GIVEN MATERIAL »

-- -- --

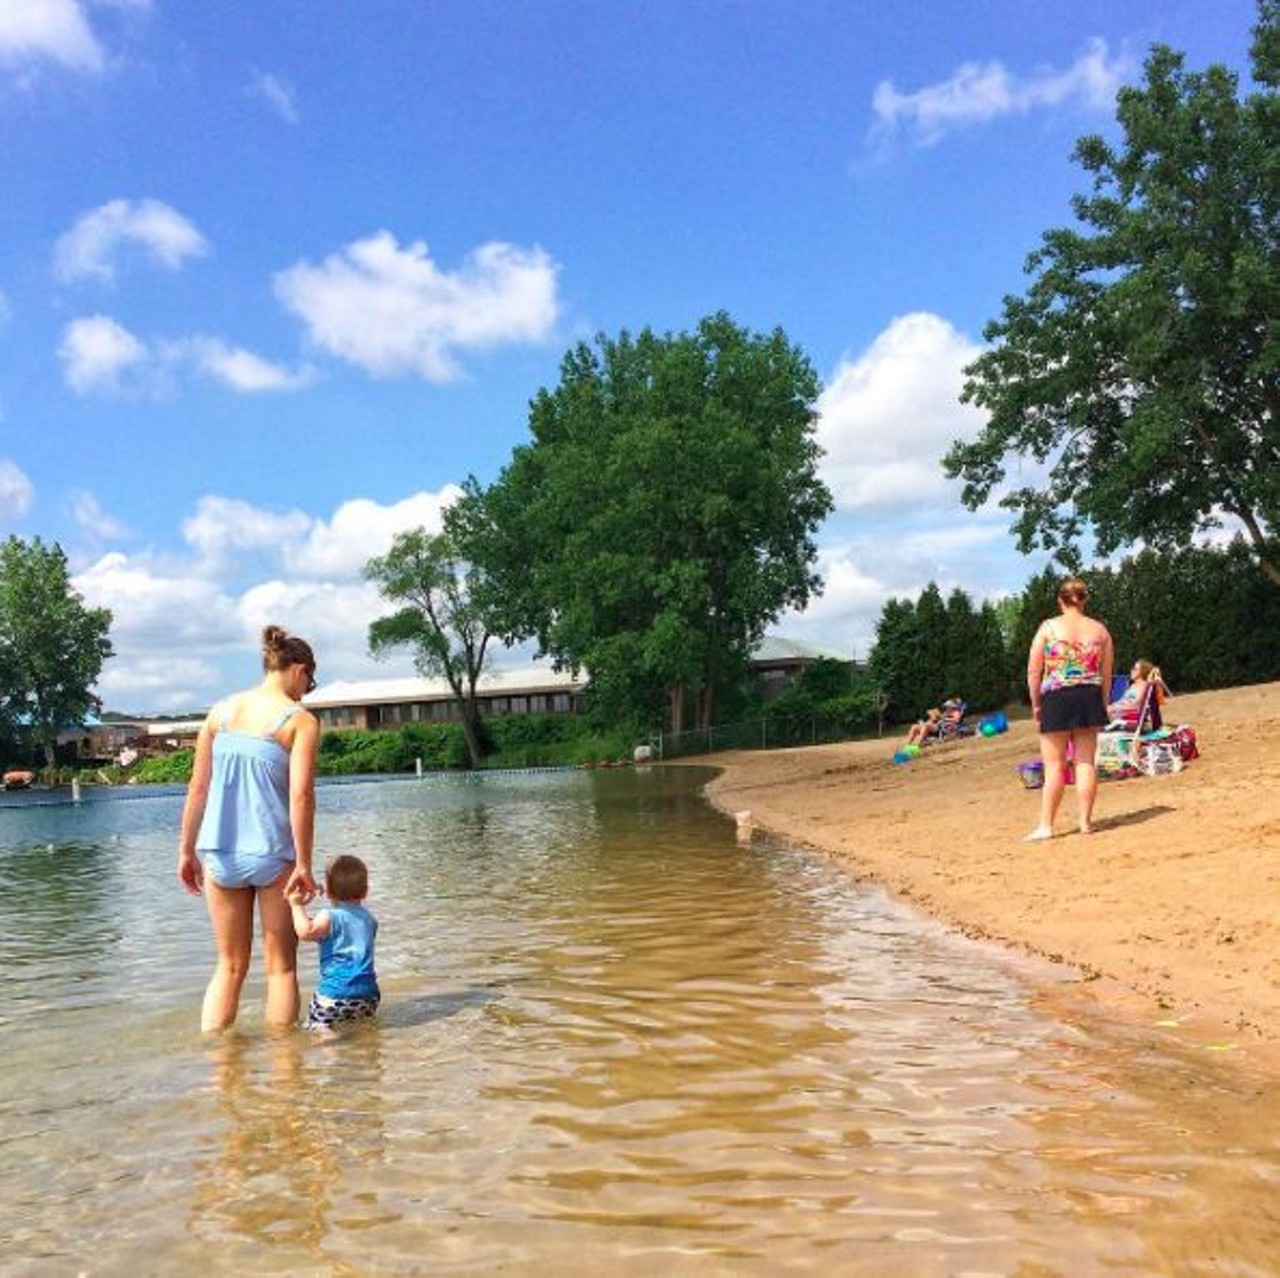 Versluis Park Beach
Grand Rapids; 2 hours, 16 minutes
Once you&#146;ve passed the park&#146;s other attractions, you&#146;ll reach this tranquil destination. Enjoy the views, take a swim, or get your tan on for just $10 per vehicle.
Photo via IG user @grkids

-- -- --

WHAT TO PRODUCE » Restate the listing above word for word. Leave the images out.

WRITTEN REPLY »
 Versluis Park Beach
Grand Rapids; 2 hours, 16 minutes
Once you&#146;ve passed the park&#146;s other attractions, you&#146;ll reach this tranquil destination. Enjoy the views, take a swim, or get your tan on for just $10 per vehicle.
Photo via IG user @grkids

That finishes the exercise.